For one thing, I’d lived in Ottawa, 1987-94 (with a waste-of-time stint in
Kingston, at Queen’s University, but it may as well have been Kingston Pen, 1991-93),
and met—had-to-meet—rob mclennan, with his Medieval-Jesus-long-hair and
Beat/Hippy passions/aesthetics in garb and in the solidly unpretentious minuscule
typography with a kind of ee-cummings-fetish for punctuation. (Come to think of
it, joe blades has a similar style, both in poetry and in publishing...) But I also gotta describe it a guerilla
poetic—making the ART outta whatever moolah, paper, equipment, and space is at
hand. Like the 60s radicals rollin out their manifestos on Gestetner
machines....
Really, rob
was (is) Mr. Ottawa Poetry, which I had to appreciate, because he’s always been
everywhere, publishing everybody, hearing everyone, attending the readings and
the launches. So, when he
asked me for a poem for his poem series, in 1997, I provided a love poem, “palm
breeze, white lace.” I’d been teaching at Duke University, but had come back to
Ottawa to give a
lecture at Carleton University. rob took the occasion of my presence to issue
that poem AND a booklet of love poems, Provencal
Poems, with a photo of my then-love (and 18 months later, the mother of our
daughter) on the cover. I thought it was
fetching, and it sold out—if I recall correctly. Copies were $5 each (I think).
Two more
single poems followed in 1999 and 2003, following my return to Canada to teach
at the University of Toronto. But I was thrilled to see poems from my
epic-in-progress, Canticles, published in
an above/ground press booklet/chapbook, and given the title of Selected Canticles. rob found a photo of
open shackles and used this image to grace the cover. It was an excellent
choice.
I can’t say
how overjoyed I was to have that 2012 booklet in hand. It made the project
(which is ongoing) begin to seem real. I liked how the poems looked; I liked
how they read. I still do. above/ground press
helped me put out “there” these poems that refer to the still (especially in
Canada) buried histories of African slavery and Indigenous dispossession.
Good job,
rob! I’d sure love to be around to see the press see a 100th anniversary! Keep
on keepin on!
The 4th
Poet Laureate of Toronto (2012-15) and the 7th Parliamentary/Canadian
Poet Laureate (2016-17), George Elliott Clarke [photo credit: Harvard University] is a revered artist in song,
drama, fiction, screenplay, essays, and poetry.

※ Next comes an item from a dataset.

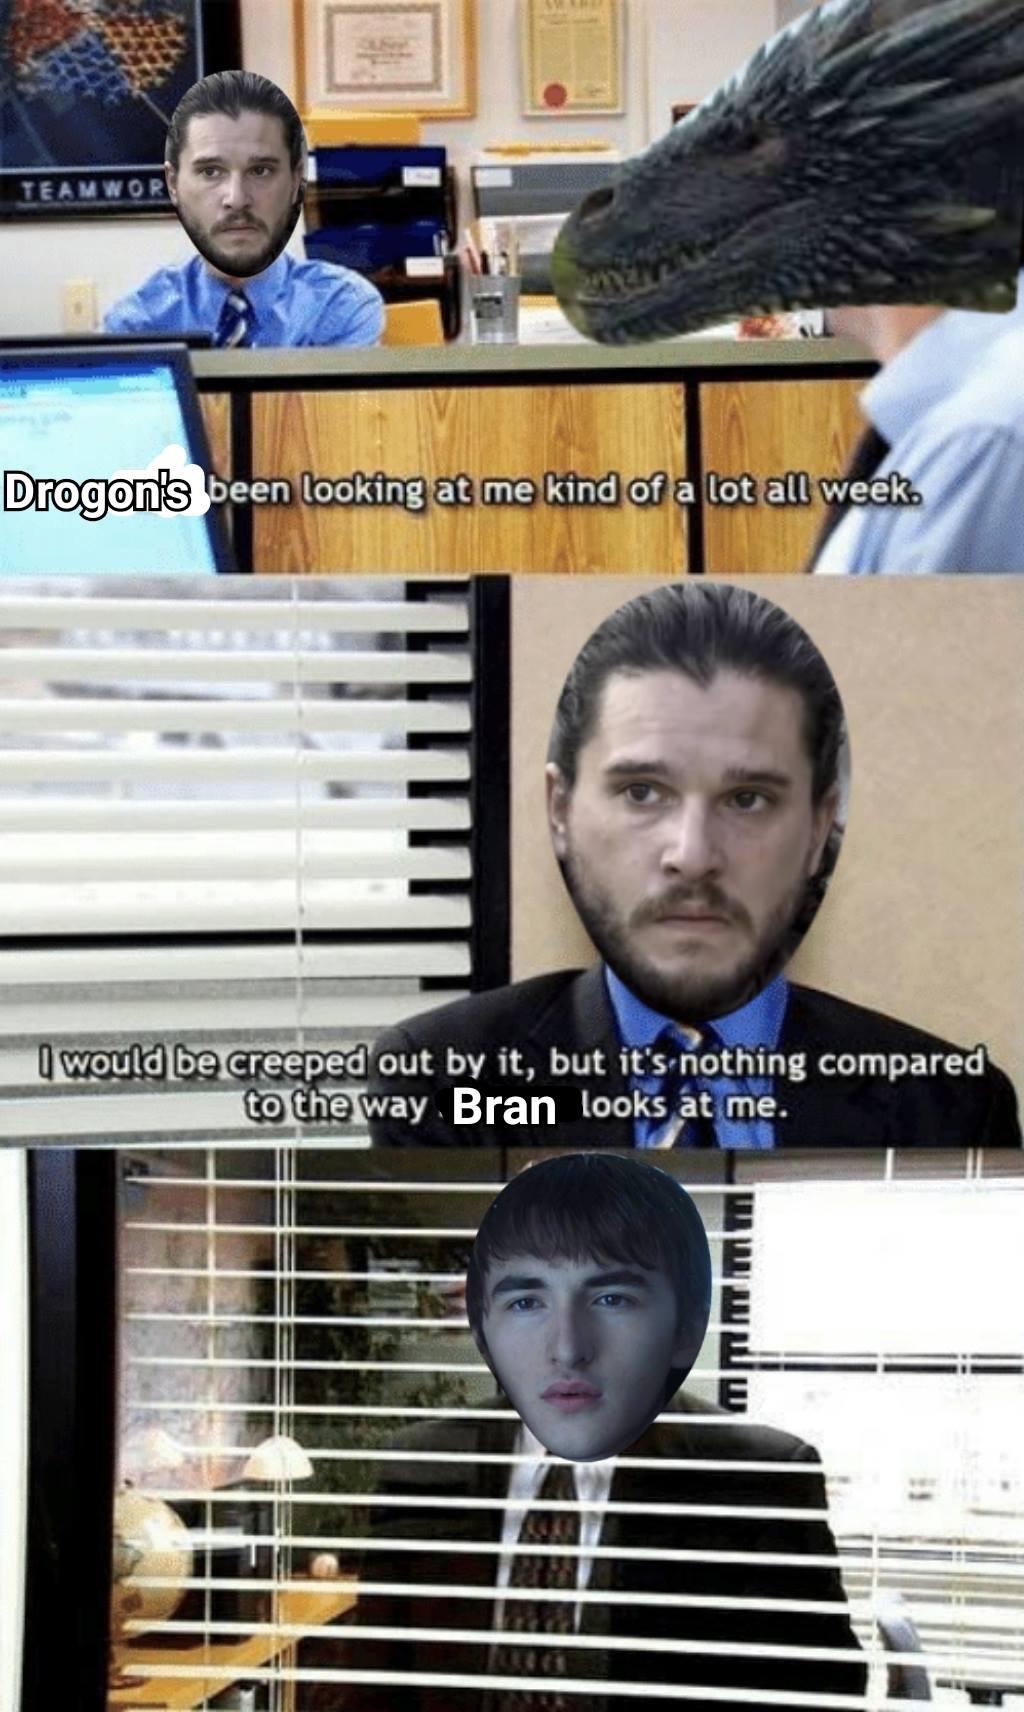 the office - office ryan quotes - Teamwor Drogon's been looking at me kind of a lot all week. I would be creeped out by it, but it's nothing compared to the way Bran looks at me. mmmmm

Born in Windsor, Nova Scotia, in 1960, Clarke was educated at the
University of Waterloo, Dalhousie University, and Queen’s University. Clarke is also a pioneering scholar of
African-Canadian literature. A professor
of English at the University of Toronto, Clarke has taught at Duke, McGill, the
University of British Columbia, and Harvard.
He holds eight honorary doctorates, plus appointments to the Order of
Nova Scotia and the Order of Canada at the rank of Officer. He is also a Fellow
of the Royal Canadian Geographical Society.
His recognitions include the Pierre Elliott Trudeau Fellows Prize, the
Governor-General’s Award for Poetry, the National Magazine Gold Award for
Poetry, the Premiul Poesis (Romania), the Dartmouth Book Award for Fiction, the
Eric Hoffer Book Award for Poetry (US), and the Dr. Martin Luther King Jr.
Achievement Award. Clarke’s work is the
subject of Africadian Atlantic: Essays on George Elliott Clarke (2012), edited by Joseph Pivato. Finally, though Clarke is racialized “Black”
and was socialized as an Africadian, he is a card-carrying member of the
Eastland Woodland Métis Nation Nova Scotia, registered under Section 35
of the Charter of Rights and Freedoms.
He is, at last, a proud Afro-Métis Africadian.
Clarke is the author of two above/ground press chapbooks—Provencal Songs [II] (1997) and Selected Canticles (2012)—as
well as two above/ground press “poem” handouts (1997 and 1998).